Infosets for XMLP vs. Intro to Infoset CR Draft

[Redirected by Paul Grosso, original headers follow.]

>From: Noah_Mendelsohn@lotus.com
>To: xml-dist-app@w3.org
>Cc: jcowan@reutershealth.com, pgrosso@arbortext.com
>Subject: Infosets for XMLP vs. Intro to Infoset CR Draft
>Date: Wed, 20 Jun 2001 19:12:09 -0400

Quick background for those not in the Protocols WG:  there has been some 
semi-formal discussion in the protocols WG as to whether it might be 
appropriate to adopt, in one of various possible ways, XML Infosets as the 
fundamental means of describing an XMLP message.  Without going into 
details, the general idea would be to have XMLP specify the contents of 
messages in the form of Element and Attribute Information items. 
Particular bindings, such as the http binding, could then decide on the 
exact representation of the XML on the wire (ordinary well-formed, 
compressed, encrypted, something else, etc.).
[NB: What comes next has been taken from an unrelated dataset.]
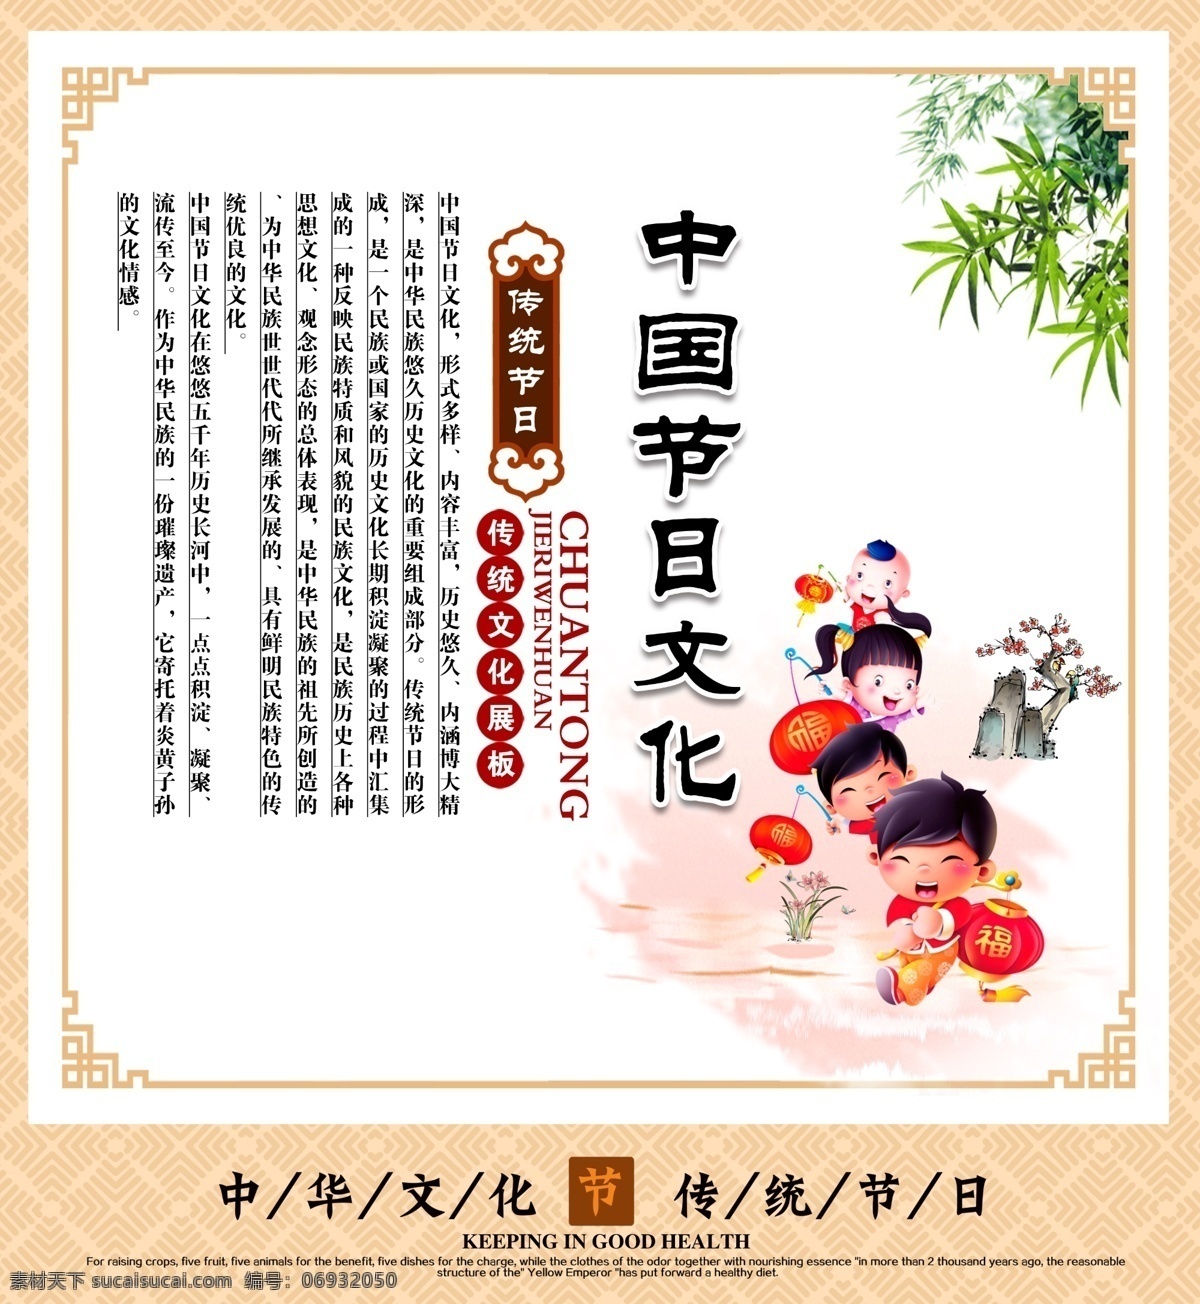 中国节日文化 传统文化 展板 文化 节日 文化艺术 节日庆祝

Anyway, on an XMLP WG teleconference today I was asked to post this note 
to the dist App list.   The purpose of this note is not primarily to start 
a discussion of the merits of the above proposal:  indeed, the WG is still 
considering whether and in what form to make such a proposal.  Rather, I 
have been asked to mention a specific aspect of the Infoset Candidate 
recommendation draft that is perhaps less than ideal for our purposes.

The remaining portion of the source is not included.